REQUIREMENT -
Print exactly the lines from the one that contains "ekas-meme-A-1" through the final line of the entries below, both included, and nothing else; omit the pictures.

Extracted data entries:
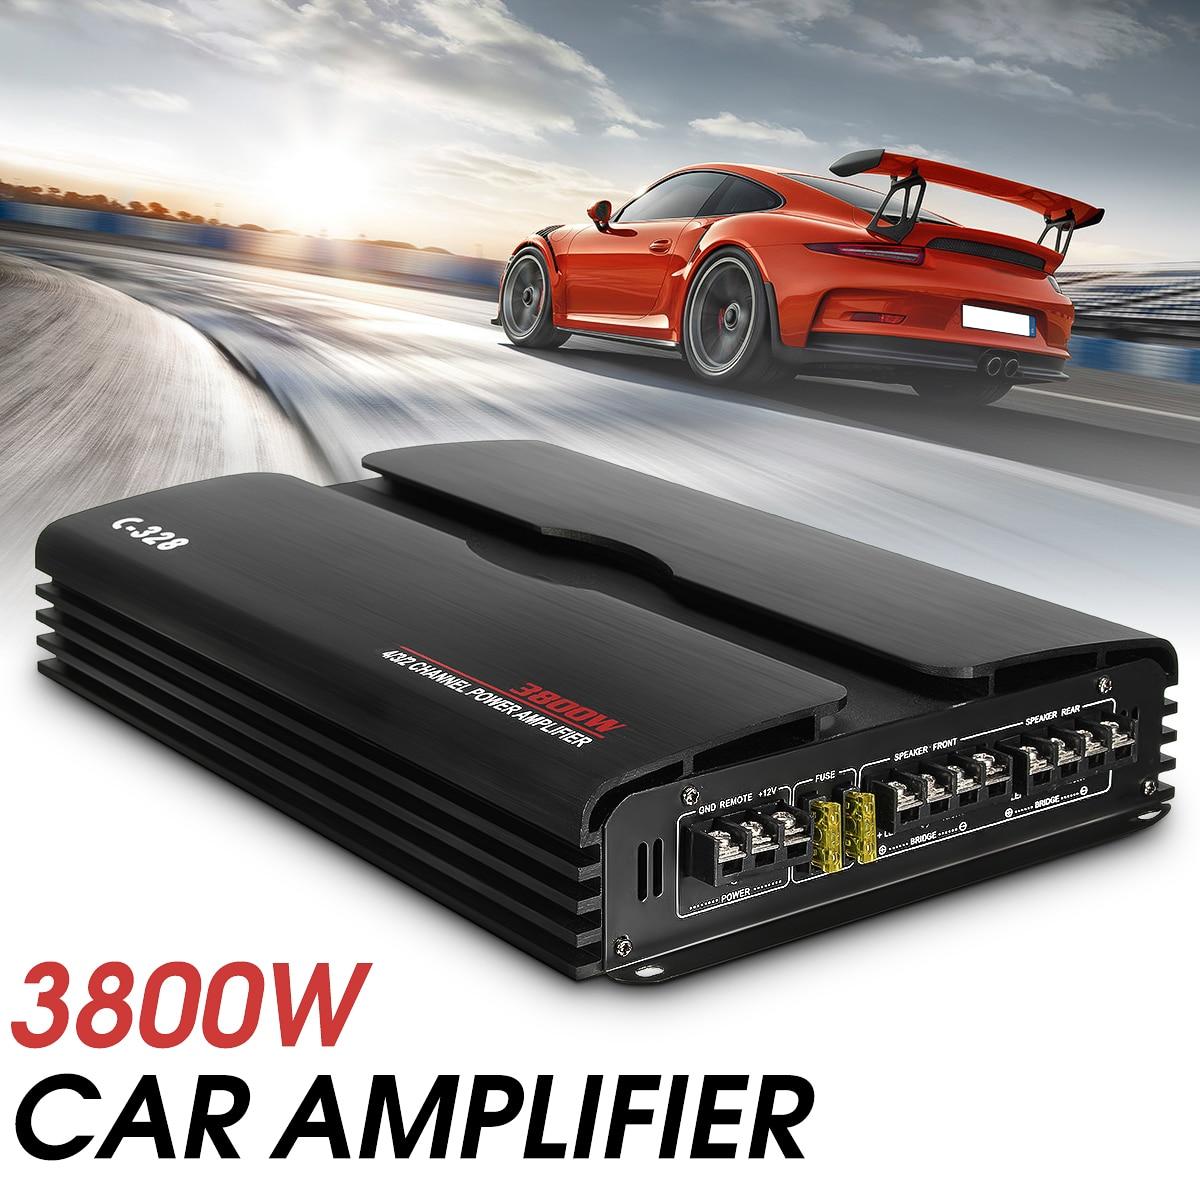 Car Amplifier Subwoofer 3800W RMS 4/3/2 Channel 12/24V Powerful 4ohm Truck Car Amplifier Audio Power Stereo Amp Speaker Black цены
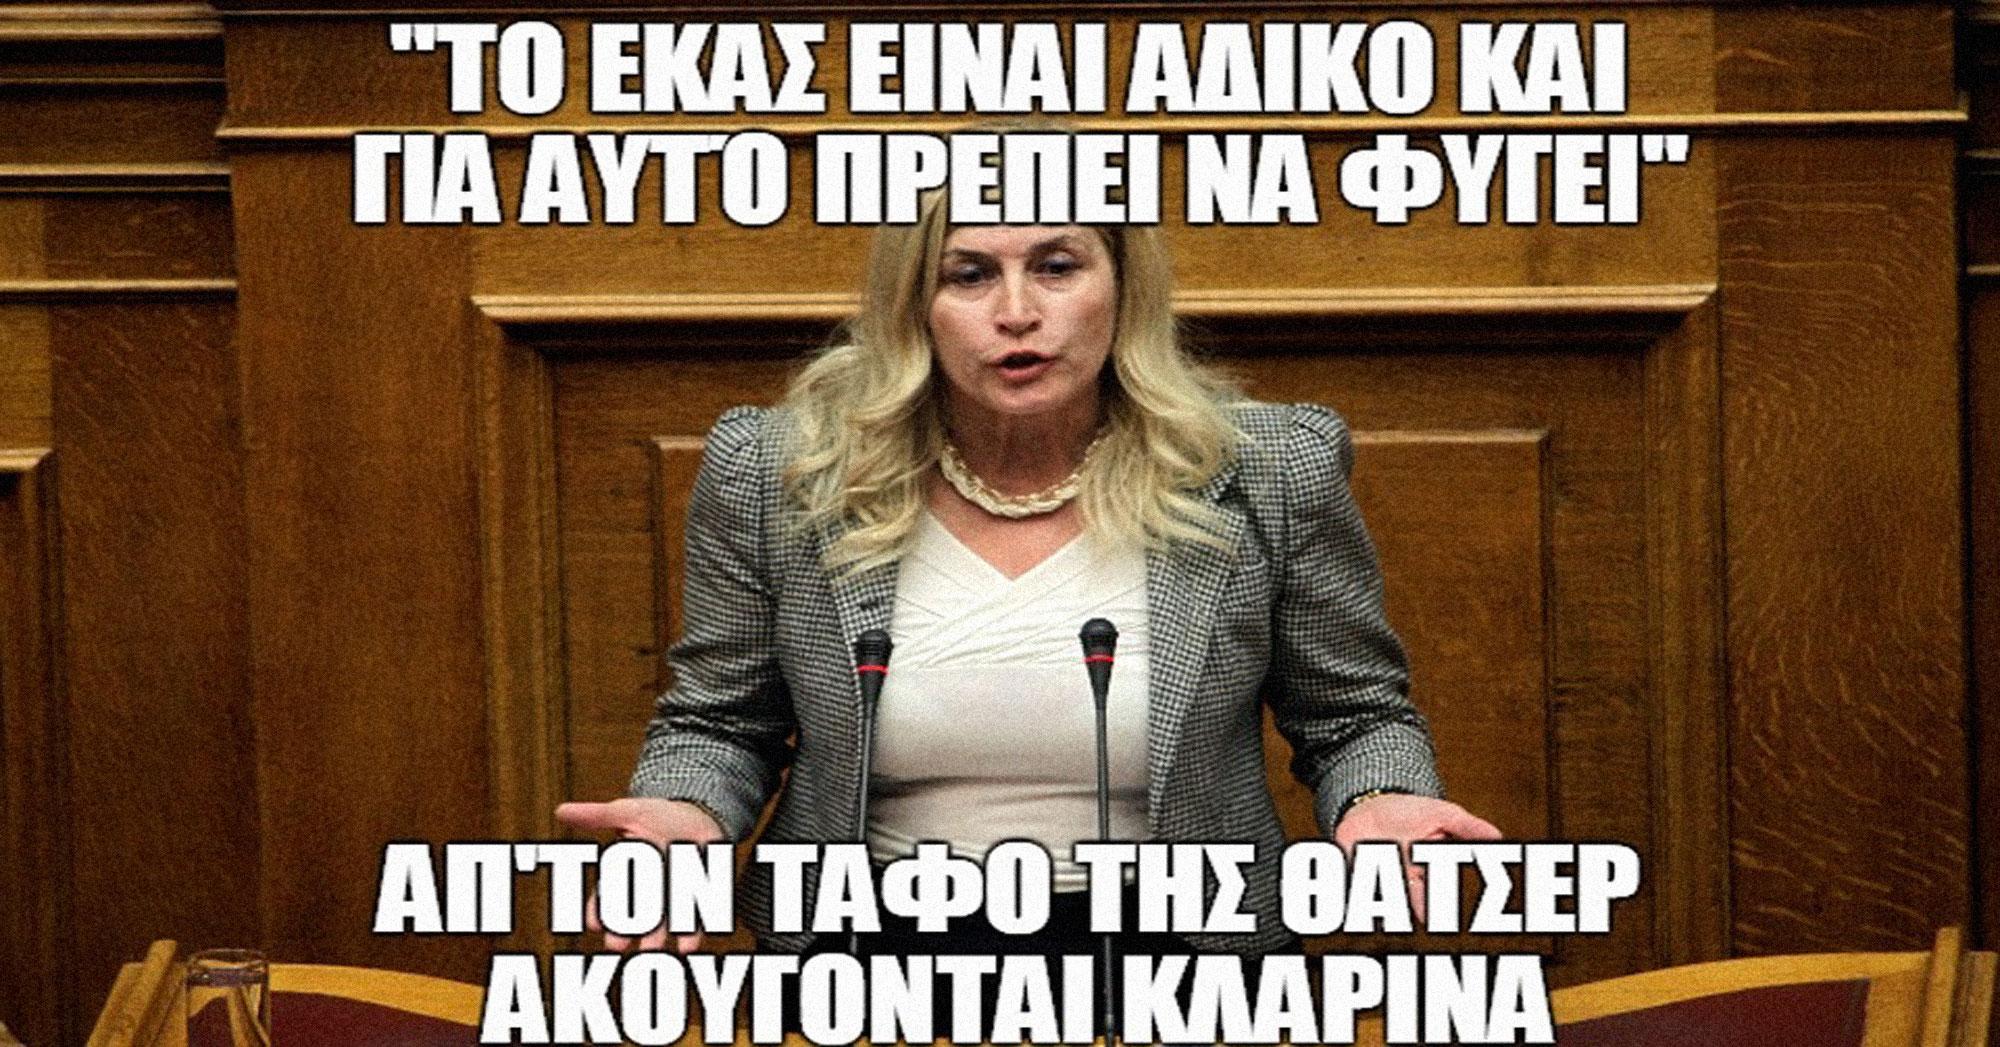 ekas-meme-A-1
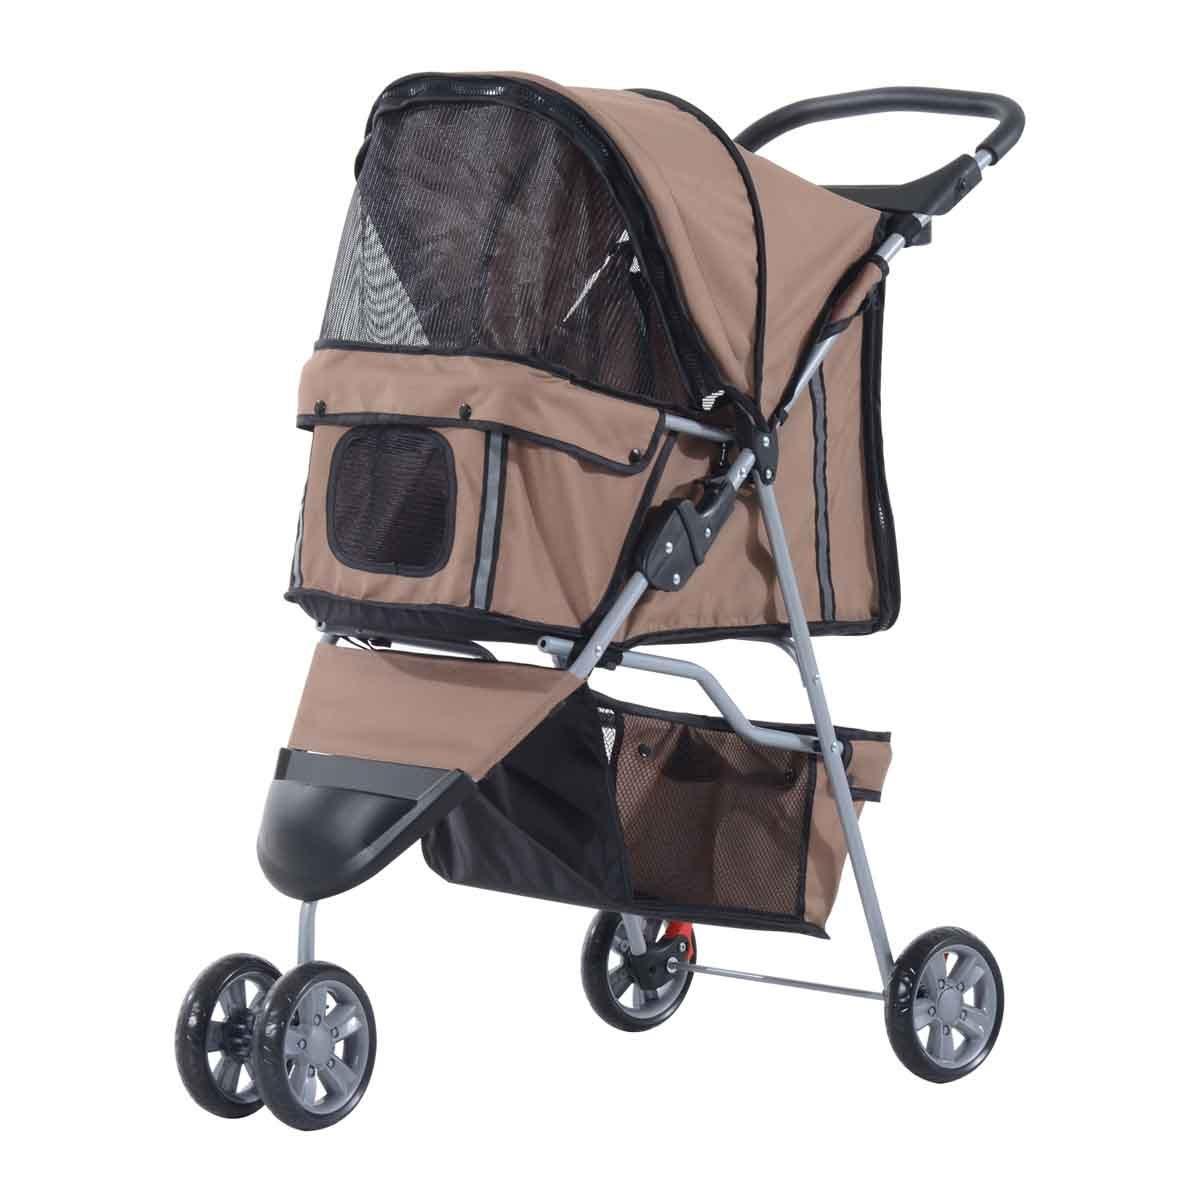 PawHut 3 Wheel Pet Stroller Pram - Coffee
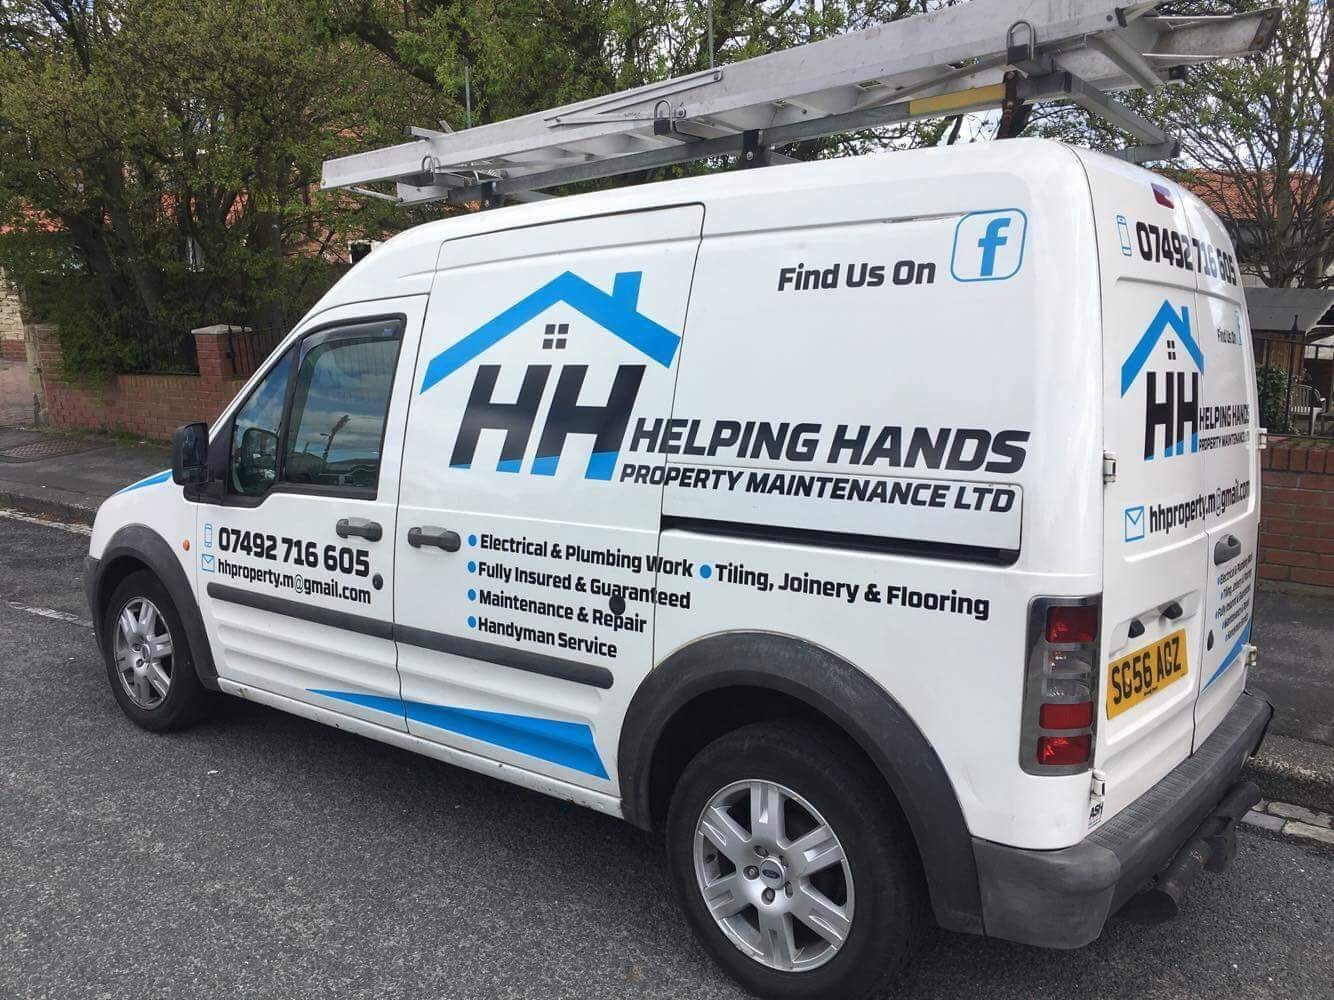 Helping hands property maintenance ltd
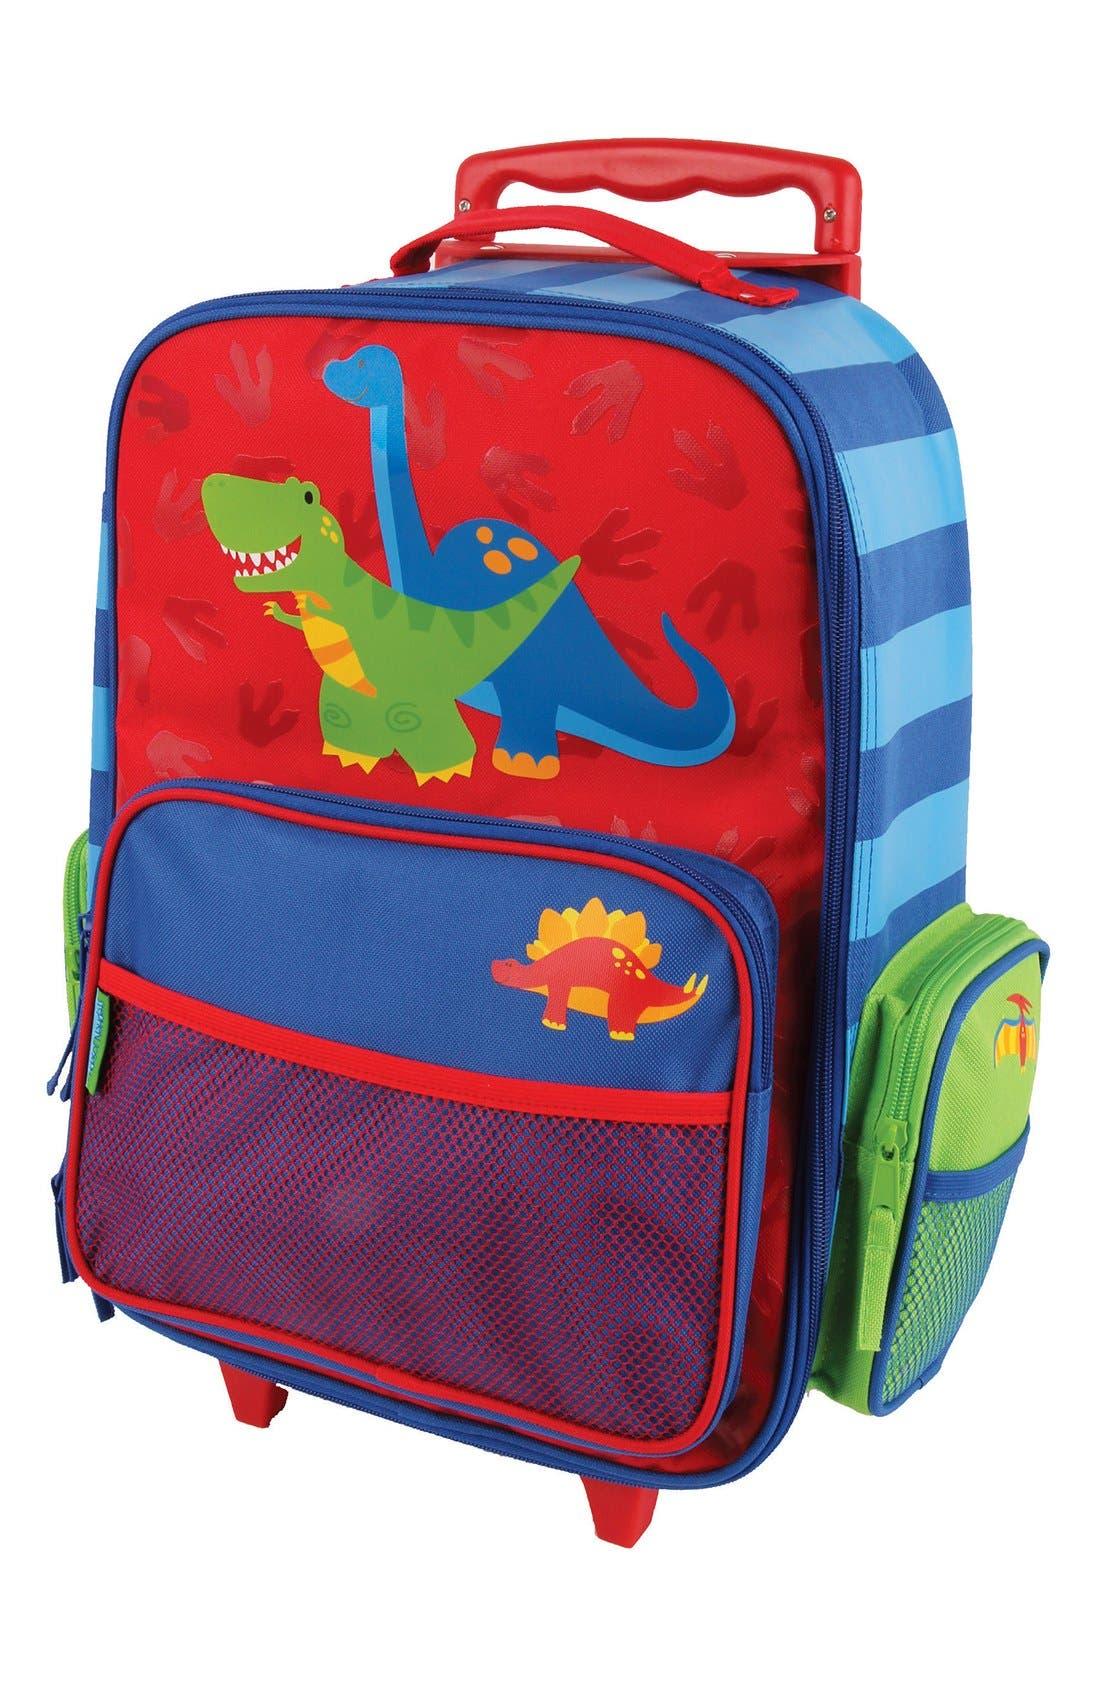 STEPHEN JOSEPH Rolling Suitcase

TASK OUTPUT -
 ekas-meme-A-1
 PawHut 3 Wheel Pet Stroller Pram - Coffee
 Helping hands property maintenance ltd
 STEPHEN JOSEPH Rolling Suitcase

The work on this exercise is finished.